Disclaimer: All facts gleaned from the filings stated hereafter are only as truthful as the petitioner. The tone of this article expresses a style of writing historically employed by America’s greatest writers and, as such, is for opinion purposes only. No intentional harm is due. Do not read if the topic of divorce (even your own) causes you emotional distress. Continue at your own risk.

The record does not speak of thunderclaps or sudden ruin, only of a marriage that has come to rest under its own weight. In St. Louis County, Missouri, Jerard Leverson has asked the court to dissolve his marriage to Raquel Leverson, filing his Petition for Dissolution of Marriage on December 1, 2025. What is presented is not spectacle, but inevitability—a domestic arrangement that, by his account, can no longer be held together by habit or hope.

Through counsel Laura H. Stobie of Stobie Family Law Group, LLC, Jerard Leverson states that both parties have satisfied Missouri’s residency requirements and that the marriage, solemnized years earlier in St.

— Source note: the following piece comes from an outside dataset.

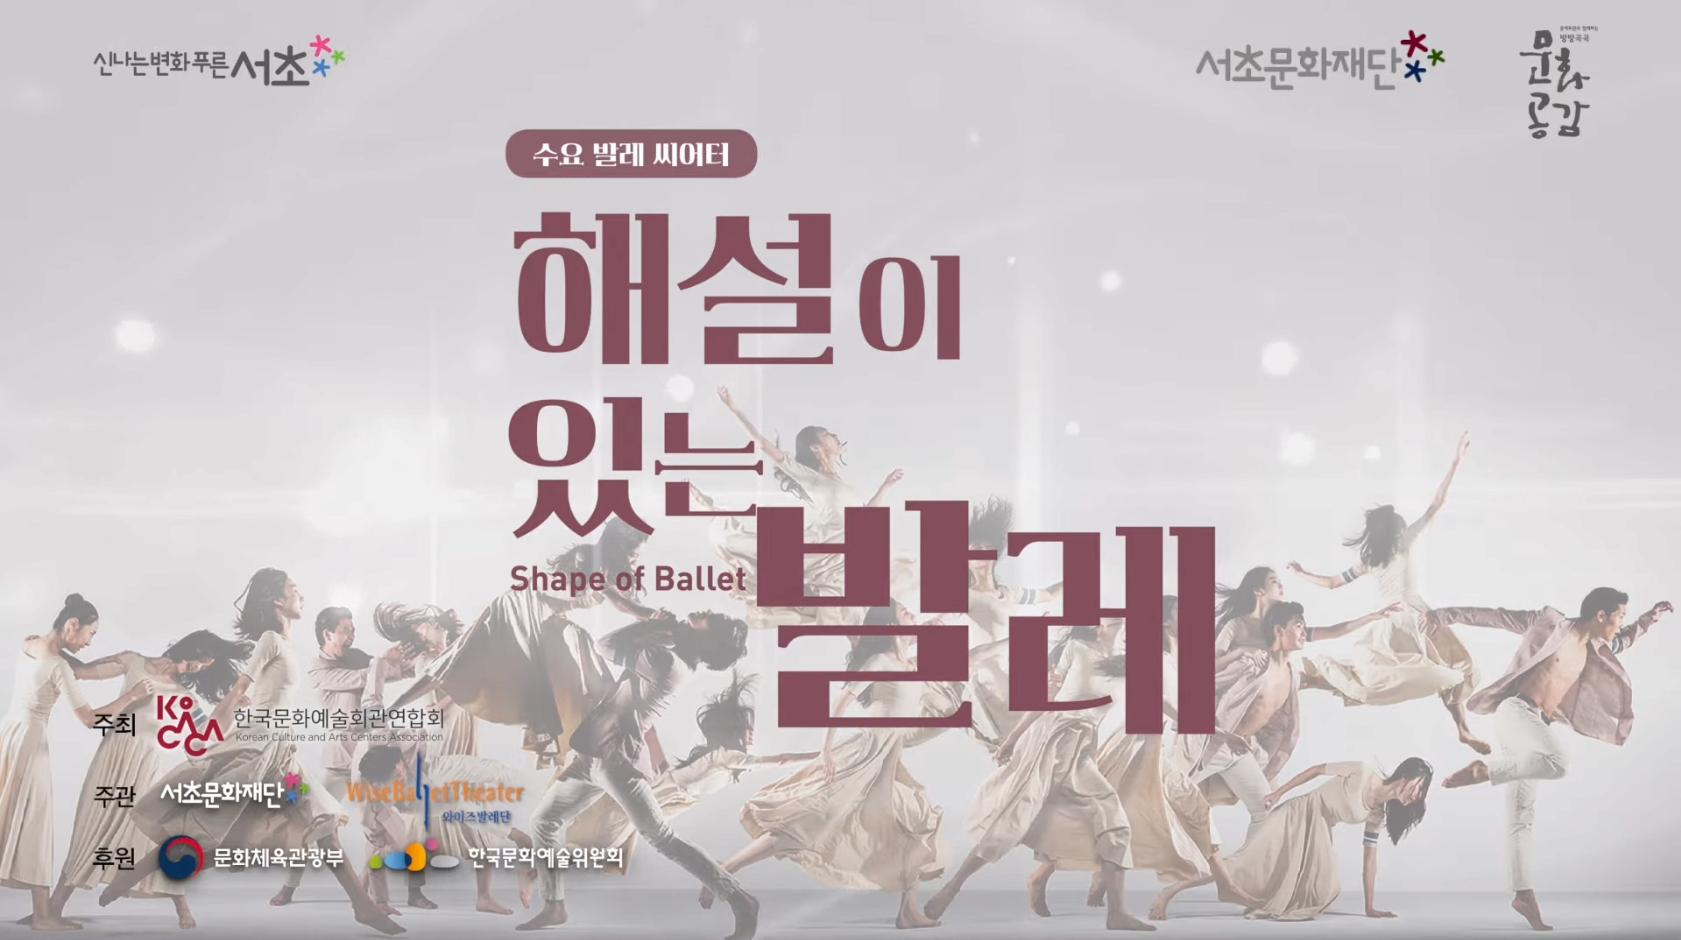 서초문화재단 해설이있는발레 Shape of Ballet 「컨템포러리 발레의 밤」

Louis County, is now irretrievably broken. The spouses have lived separate lives as husband and wife, and reconciliation, the petition suggests, is neither reasonable nor likely. There are four minor children of the marriage, and the filing asserts that no other custody proceedings are pending before any court.

The petition advances a series of measured requests. Jerard Leverson asks that the marriage be formally dissolved and that the court award the parties joint legal and physical custody of the children pursuant to an agreed parenting plan. He seeks child support calculated under Missouri Supreme Court guidelines, asserting that he lacks sufficient income to support himself and the children independently. The filing further alleges that Raquel Leverson is able-bodied and financially capable of contributing both to household support and to a portion of Jerard Leverson’s attorney’s fees and litigation costs.

He also asks the court to set aside his separate property, to equitably divide the marital property and debts, and to assess costs against the respondent. Finally, the petition leaves room for the court to grant such other relief as it deems just and proper, a quiet acknowledgment that even the cleanest endings require judgment.